Synthegra B.V. heeft in opdracht van bedrijf XXX een archeologisch bureauonderzoek in combinatie met een verkennend booronderzoek uitgevoerd op een terrein aan de Ariënsweg te Ede. De aanleiding voor het onderzoek is de voorgenomen sloop van de huidige bebouwing en aanleg van een appartementen complex.
De oppervlakte van de toekomstige bodemverstoring bedraagt 2800 m2 met een verwachte diepte van 0,8 tot 1,1 meter beneden maaiveld. De bodem zal waarschijnlijk tot ver in het archeologische niveau worden verstoord. Eventueel aanwezige archeologische waarden kunnen daarbij verloren gaan.
Het plangebied ligt op een afspoelingswaaier met daarop een dun pakket dekzand waarin mogelijk een holtpodzolgrond of een hoge zwarte enkeerdgrond met zwak lemig tot leemarm fijn zand is ontstaan of aangebracht. Gezien de ouderdom van de te verwachte afzettingen kunnen in het plangebied vindplaatsen aanwezig zijn vanaf het Laat-Paleolithicum tot en met de Nieuwe Tijd.
Voor het Laat-Paleolithicum tot en met de Nieuwe Tijd geldt een hoge verwachting op basis van de landschappelijke ligging. Er zijn een aantal onderzoeken geweest in de directe omgeving van het plangebied. Hierin is deels sprake geweest van verstoord dan wel opgehoogde gebieden, maar juist de gebieden dicht bij het plangebied waren nog intact. Hierin is voornamelijk dekzand met daarin een podzolbodem aangetroffen. In de directe omgeving van het plangebied zijn ook een aantal vindplaatsen bekend, voornamelijk uit de Late Middeleeuwen en Nieuwe Tijd maar ook een aantal vuurstenen afslagen, niet specifiek dateerbaar, uit de periode Laat Paleolithicum-IJzertijd zijn aangteroffen.
Bodemgaafheid: Op basis van de bekende gegevens is er een mogelijkheid dat de bodem verstoord is. Er hebben meerdere gebouwen op het perceel gestaan voordat het huidige gebouw is opgetrokken. Er zijn op basis van de bouwtekeningen drie verstoringen met beperkte omvang bekend, een kelder, een ondergrondse ligging van opslagtanks en een opvangbassin in de wasplaats
Het natuurlijke bodemtype is in een groot deel van het plangebied verstoord aangetroffen, herkenbaar door een puin-/ophoogpakket.
Vuursteenvindplaatsen bestaan voornamelijk uit strooiing van fragmenten vuursteen en ondiepe grondsporen, zoals haardkuilen, en bevinden zich in de bovengrond van de oorspronkelijke podzolgrond. Aangezien van de bodemhorizonten geen restanten zijn aangetroffen, is de verwachting dat er geen resten uit deze perioden in het plangebied aanwezig zullen zijn.

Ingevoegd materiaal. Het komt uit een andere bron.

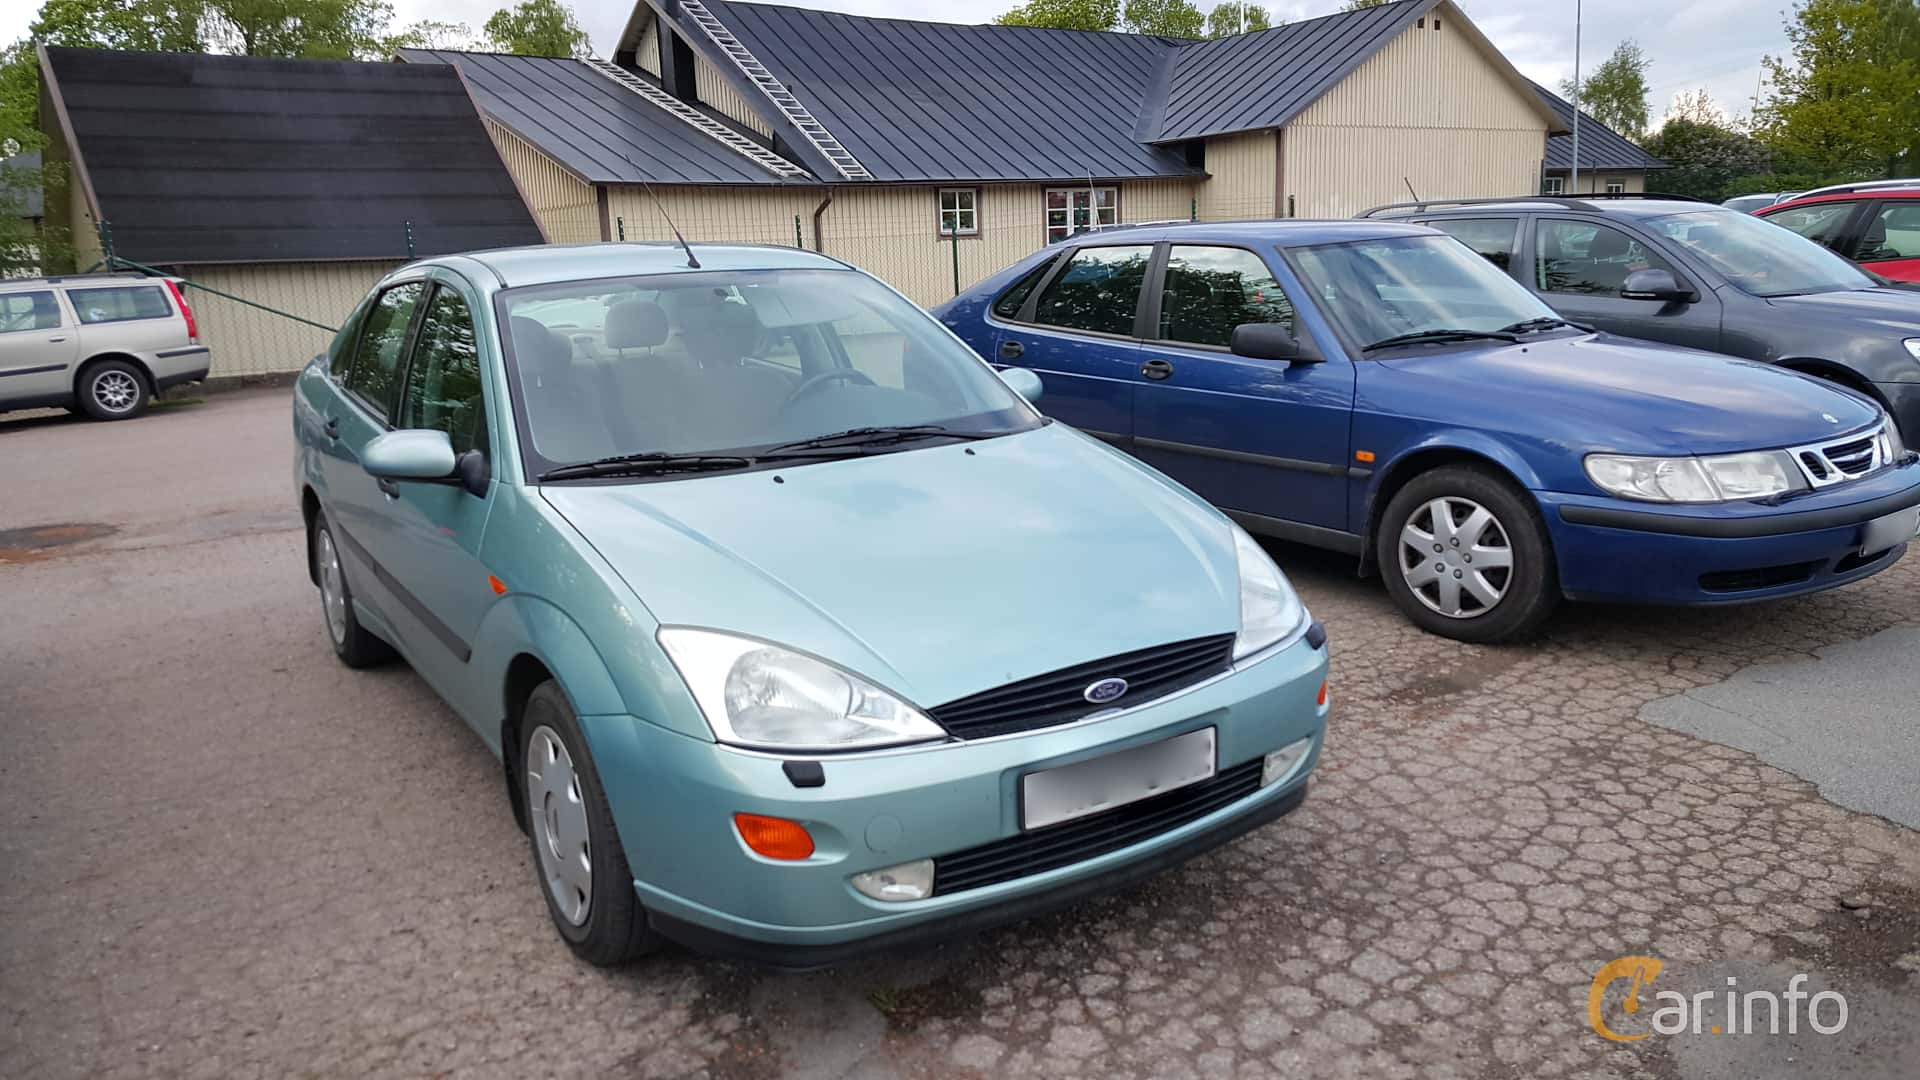 4 Images Of Ford Focus Sedan 20 Manual 130hp 2000 By Jonasbonde Se Front Side 130ps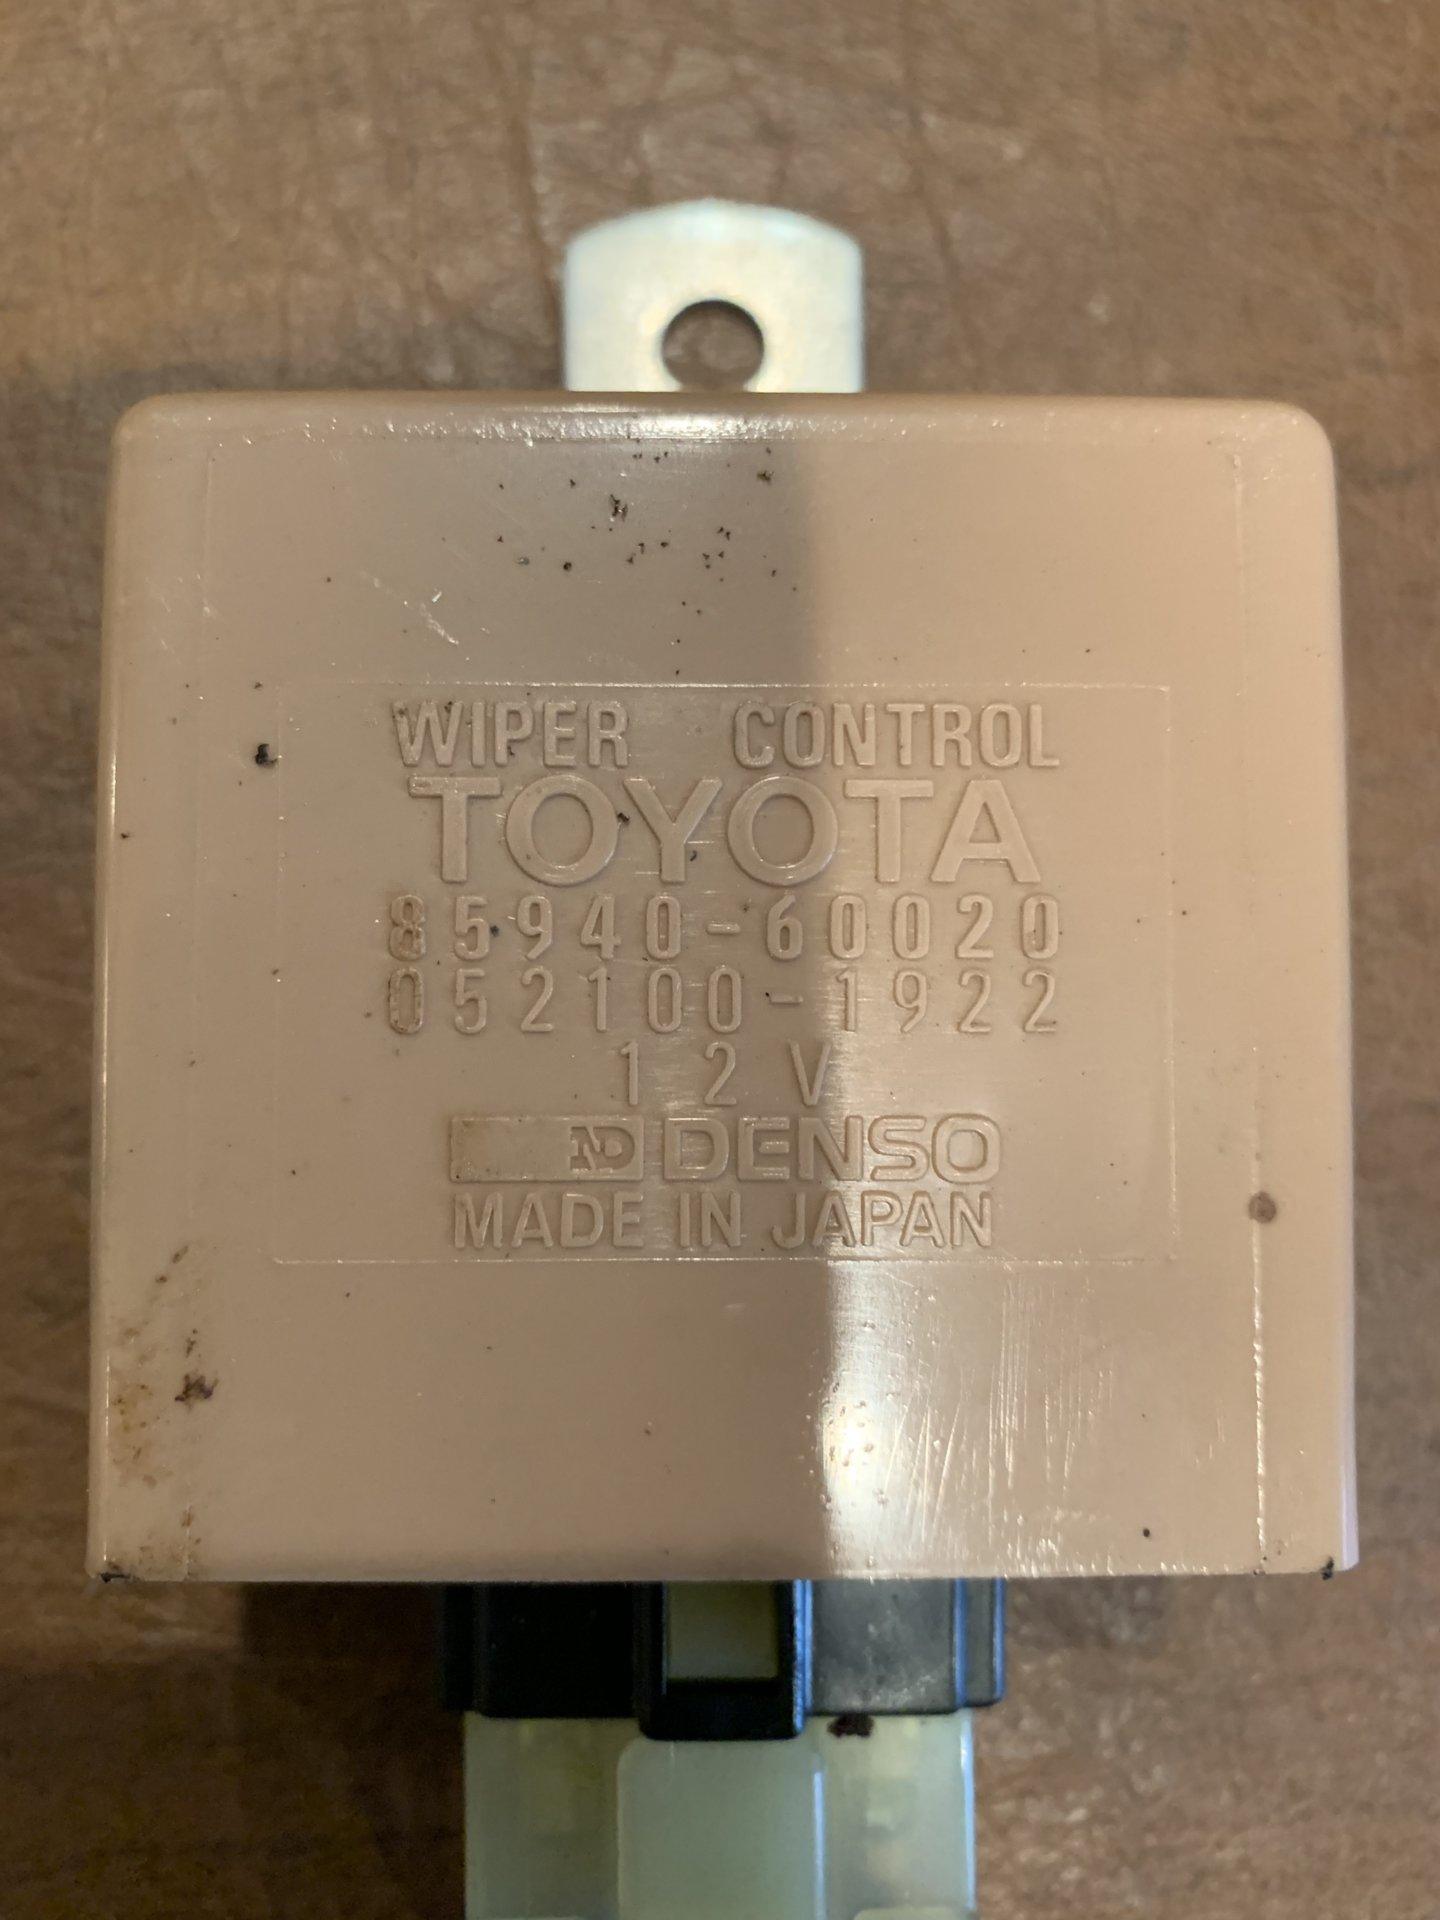 BB14BAE1-5859-4D2C-94AE-DD7E405C4CAB.jpeg

Nederzettingsresten uit het Neolithicum tot en met de Nieuwe Tijd bestaan niet alleen uit fragmenten aardewerk, maar ook uit diepere sporen zoals paalgaten en afvalkuilen. Deze sporen kunnen tot in de C-horizont reiken. De C-horizont is in boringen 2 tot en met 5 echter tot grote diepte (1,7 meter beneden maaiveld, gemiddeld 19 m +NAP) verstoord ten opzichte van het paleoreliëf dat overeenkomt met het huidige maaiveld (circa 20,6 m +NAP). In boring 6 is de top van de C-horizont op 1,0 meter beneden maaiveld aangetroffen wat nog steeds een substantiële diepte vertegenwoordigt ten opzichte van het paleoreliëf, hierdoor zullen enkel hele diepe sporen bewaard zijn gebleven, de meest voorkomende sporen op een archelogische vindplaats (paalkuilen, kuilen en dergelijke) zijn over het algemeen tot 1 meter diepte nog zichtbaar.
Boringen 2 tot en met 4 betreffen verstoringen die samen hangen met de bestaaande bebouwing. Boring 5 en 6 betreffen verstoringen die samenhangen met voormalige bebouwing die in dit deel hebben gestaan gedurende de 20e eeuw.
Op grond van de resultaten van het onderzoek wordt voor de aanpassing van het bestemmingsplan geen nader archeologisch onderzoek geadviseerd. Tevens kan de dubbelbestemming archeologie kan verwijderd worden voor het perceel.